With our partner, family, co-workers and even in public, each party must admit their fault in order to end them in a healthy way and resolve them with the other party. Conflict.
But when you get into an argument with a defensive person, you find yourself freed from justifying him and dismissing the argument that might make him wrong. and ends the conflict.
In dealing with people who exhibit defensive behaviors, it will help to understand the defensive style and the reasons behind it, and how to deal with a defensive person during conflicts.
Threat response
SAIC central website identifiesPsych CentralA defensive style is aggressive behavior that a person uses when they feel unsafe, attacked, or threatened.
Defensiveness can take many forms, including making excuses, trying to blame others, verbal attack, denial, outright lying, avoiding discussion and confrontation, or claiming that there is something wrong with the other person.
Researcher Lydia Woodyatt from Flinders University in Australia said: study Published in 2020, “One of the primary psychological needs of human beings is to relate to and be appreciated by those around them, so when a person makes a mistake, this basic psychological need threatens him and pushes him to use a defensive system.”
Try to feel strong
People use defensiveness as a way to relieve pressure on themselves when they make a mistake, to avoid conflict, or to feel more powerful.

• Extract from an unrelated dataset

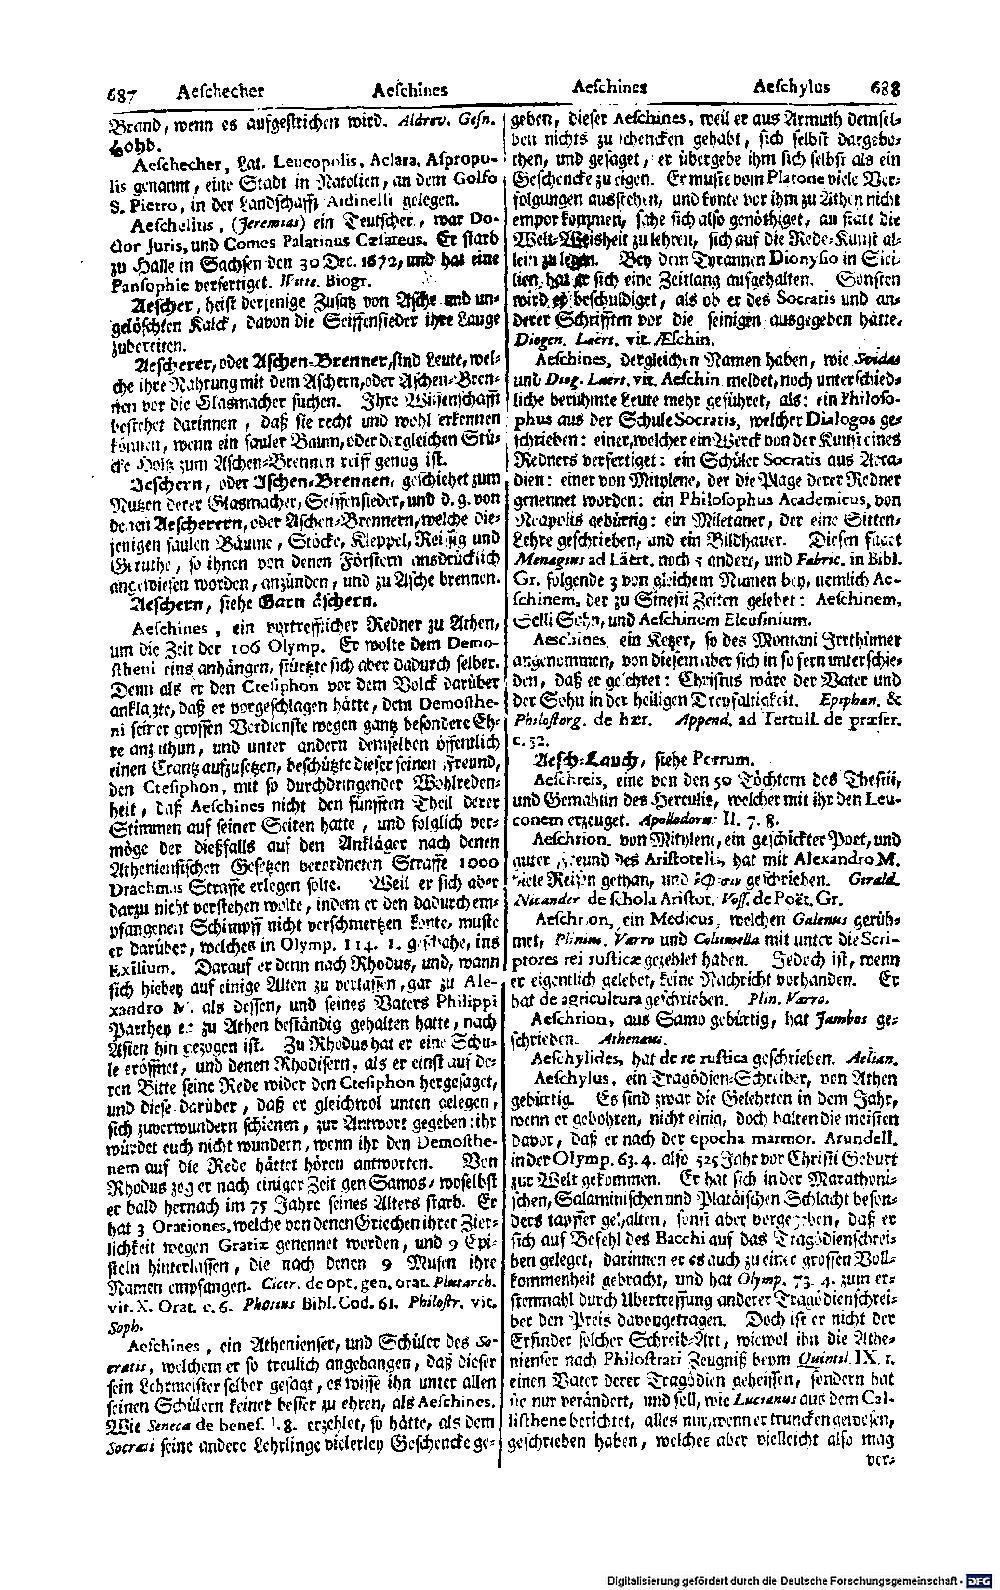 Bd. 01, Seite 0383.

- A feeling of insecurity or fear, for example, from being bullied as a child.
- Early childhood trauma or abuse.
- Shame or guilt. If someone else brings up a topic you feel guilty about, you may respond defensively.
- Something is trying to hide the truth.
- Being attacked for your personality or behavior and feeling like you have to justify the actions you took or some aspect of your personality.
- A defensive style may be a learned behavior from a parent or spouse as a way of communicating with others.
- Even if the situation is not threatening, excessive anxiety can lead people to become defensive.
How to communicate with a defensive person
We cannot always avoid conflict, so you should know effective ways and tactics to deal with defensive people, and these are some of the methods:
Develop your self-awareness
Self-awareness is an aspect of emotional intelligence, which is the ability to understand, organize, and use your emotions positively to communicate with others, and to effectively defuse tension and defuse conflict during conflict. To avoid this, understanding yourself will help you regulate your feelings, be aware of your reactions, stay calm, look at things objectively and eliminate misunderstandings.
Stick to the facts
Be specific about what happened and what upset you, using specific words and sequences of events, such as “I said this, then I said,” and don’t mention other events.
If the other party tries to raise another issue, you can reply, “We’ll come back to discuss this, but right now we’re talking about something specific.”
Express with “I”.
One of the most effective ways to communicate with a defensive person, and to communicate in general, is to express yourself using “I,” such as “I’m disappointed” or “I felt you misunderstood me.”
Using “I” makes your words about your personal experience and feelings, not about the other person’s fault, and tries to hold them accountable, preventing their reaction from attacking themselves.
be quiet
Don’t get caught up in the defensive person’s anger and keep your voice even and calm.
While it’s hard to stay calm when we feel unfairly attacked, responding to the defensive person’s anger with more anger will only increase the anger, and your anger will reinforce their claim that you’re responsible for what’s happening.
Repeat yourself
When the defensive person moves on to other topics, ignore it and repeat the same words you started in a calm, gentle, low voice, “I was sorry when you said that, and I wish you would have done something else.” If he changes the subject or blames you. If so, repeat your words “I was sorry when I said that…”
Don’t defend yourself against their accusations no matter how you feel, ignore them for now and focus on the underlying conversation and what you are trying to convey.
Huxter
Negotiation is a great way to deal with a defensive person, and because resolving the conflict is more important than getting what you want, negotiation is the best approach.
But remember that bargaining is used in a limited way, and always resorting to it reveals giving up your needs in order to end the conflict and meet the other’s needs, thus empowering the other party to keep pushing you. Towards reconciliation.
away from
Avoiding conflict isn’t always healthy, but sometimes it’s necessary when there’s a disagreement and the other party gets irritated, defensive, and makes excuses when you’re overwhelmed with emotions. Temporarily stay away.
You can bring the subject back up once both parties are calm and open to confronting the disagreement logically.